### To do
All of the data should be given again word for word, though the images are to be left out.

### Dataset extract
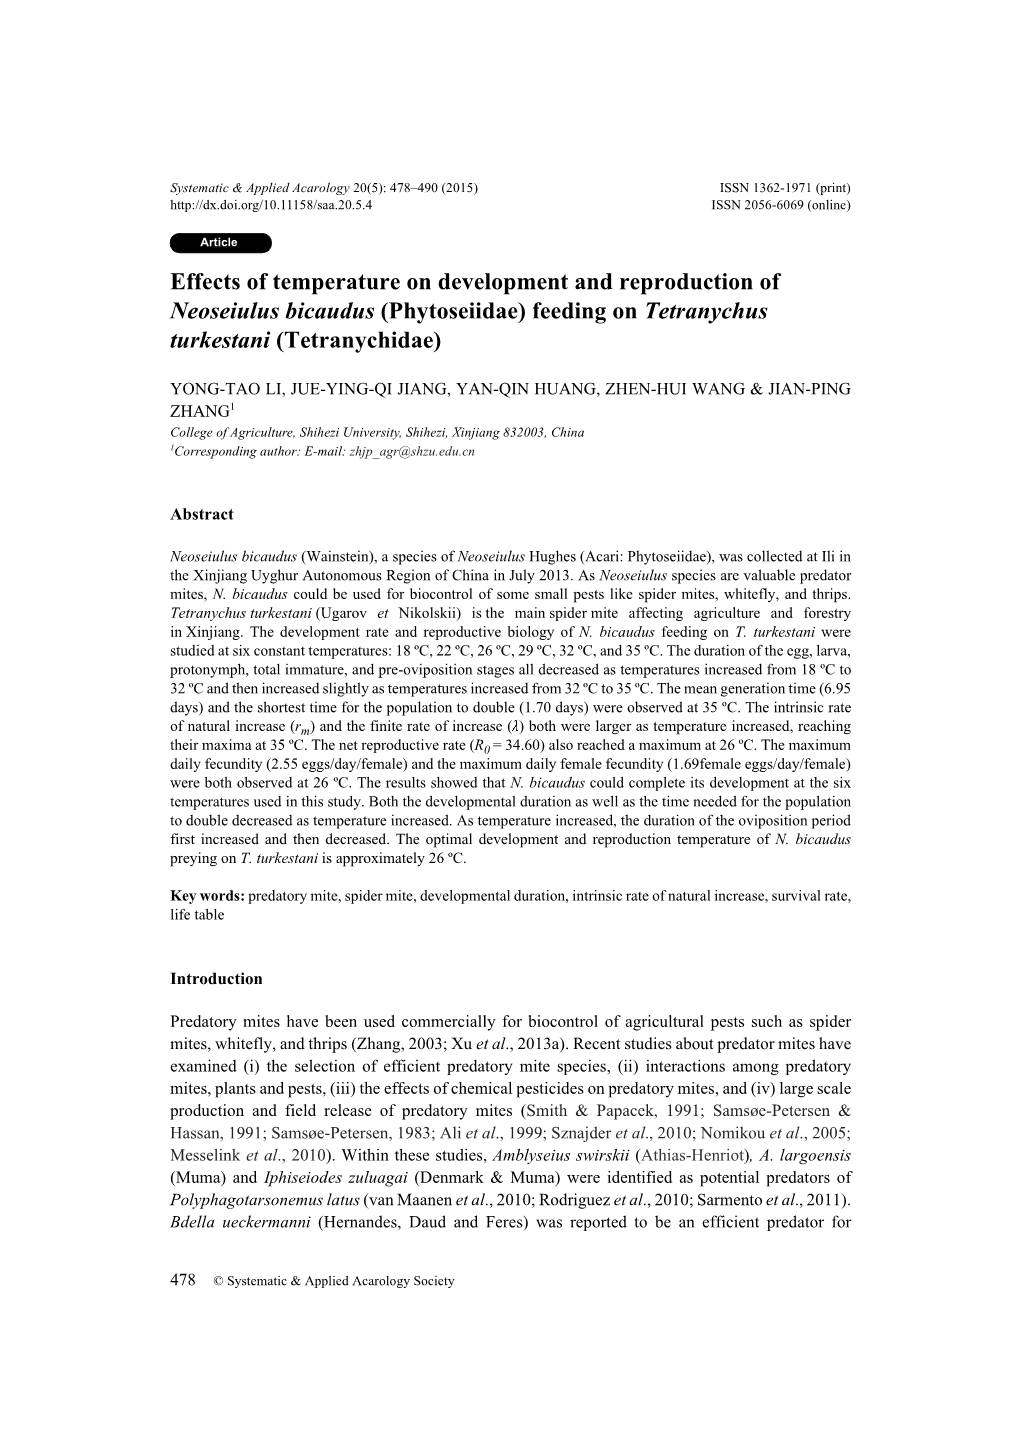 Effects of Temperature on Development and Reproduction of Neoseiulus Bicaudus (Phytoseiidae) Feeding on Tetranychus Turkestani (Tetranychidae)
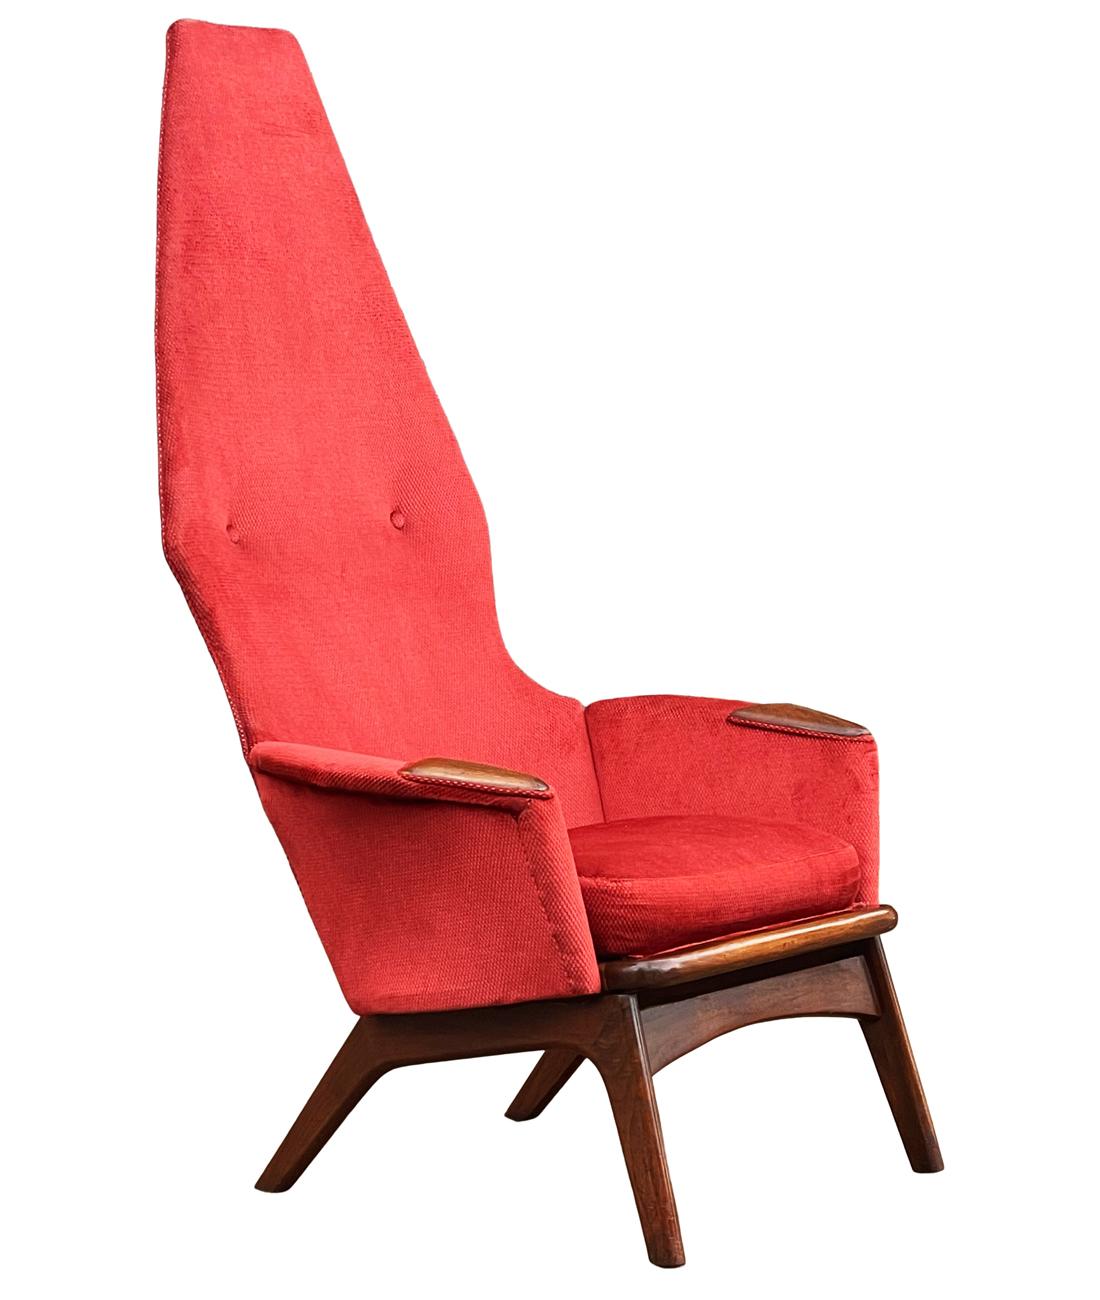 mid century modern high back chair
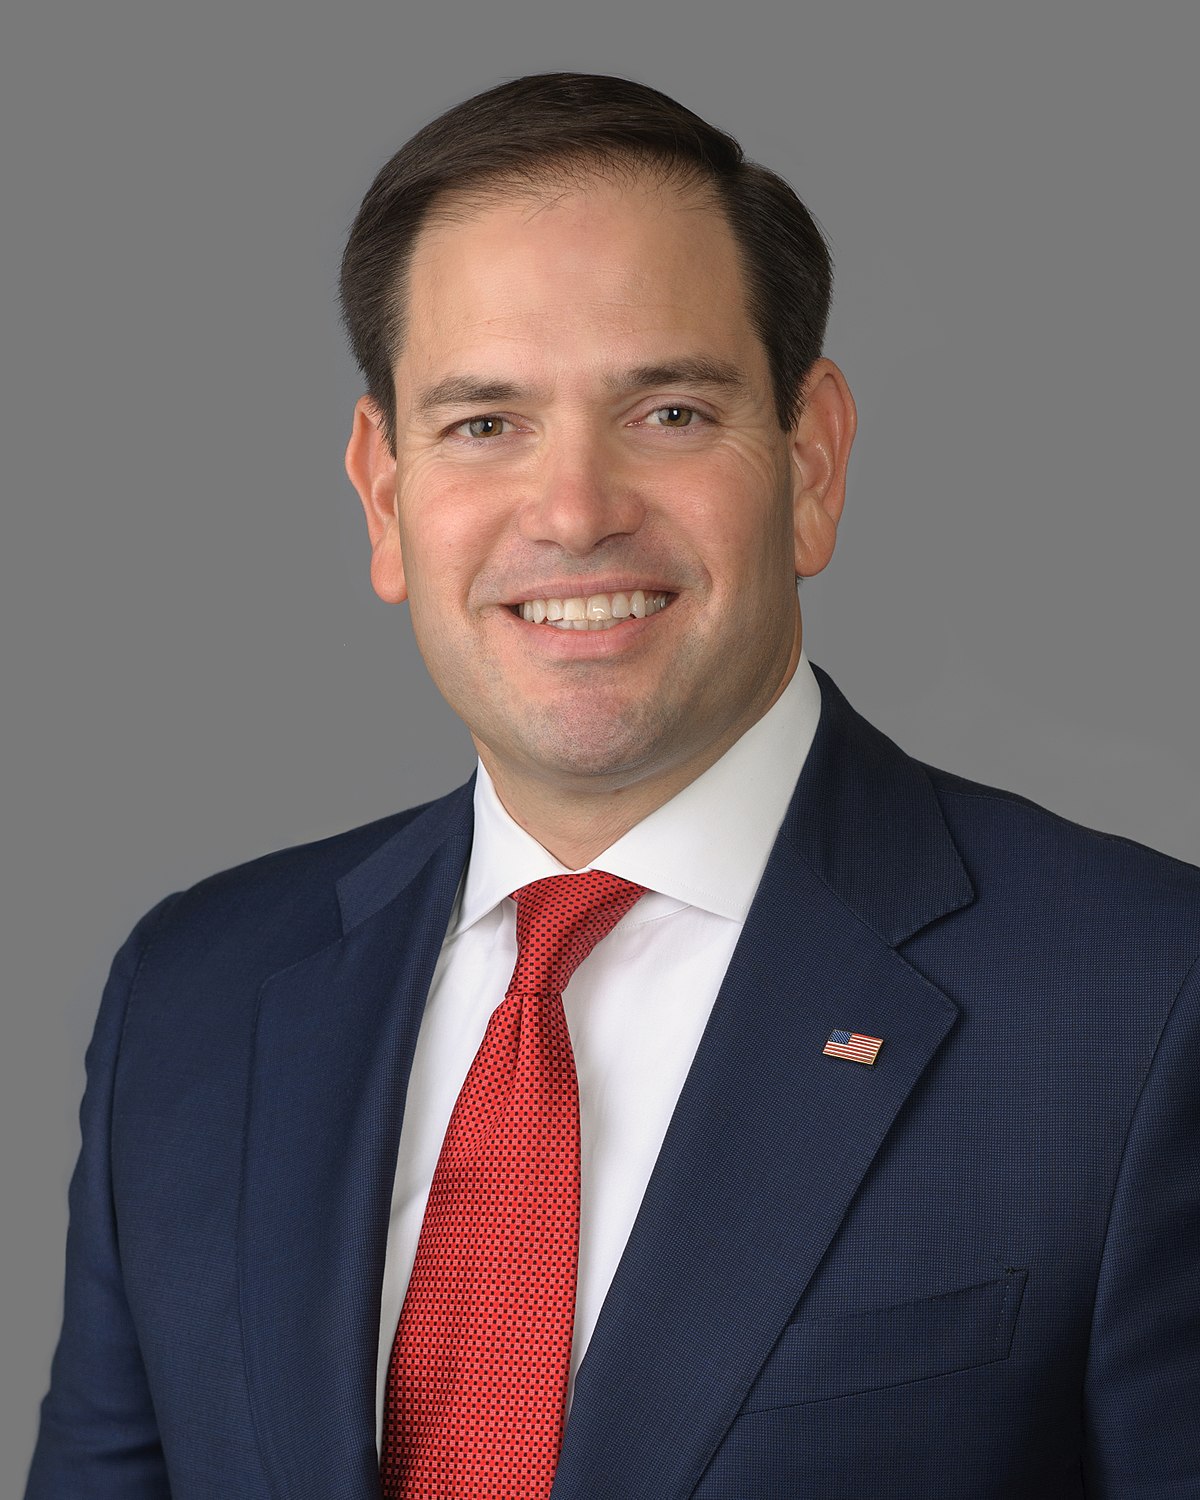 United States Senate election in Florida, 2016

### Answer for this exercise
 Effects of Temperature on Development and Reproduction of Neoseiulus Bicaudus (Phytoseiidae) Feeding on Tetranychus Turkestani (Tetranychidae)
 mid century modern high back chair
 United States Senate election in Florida, 2016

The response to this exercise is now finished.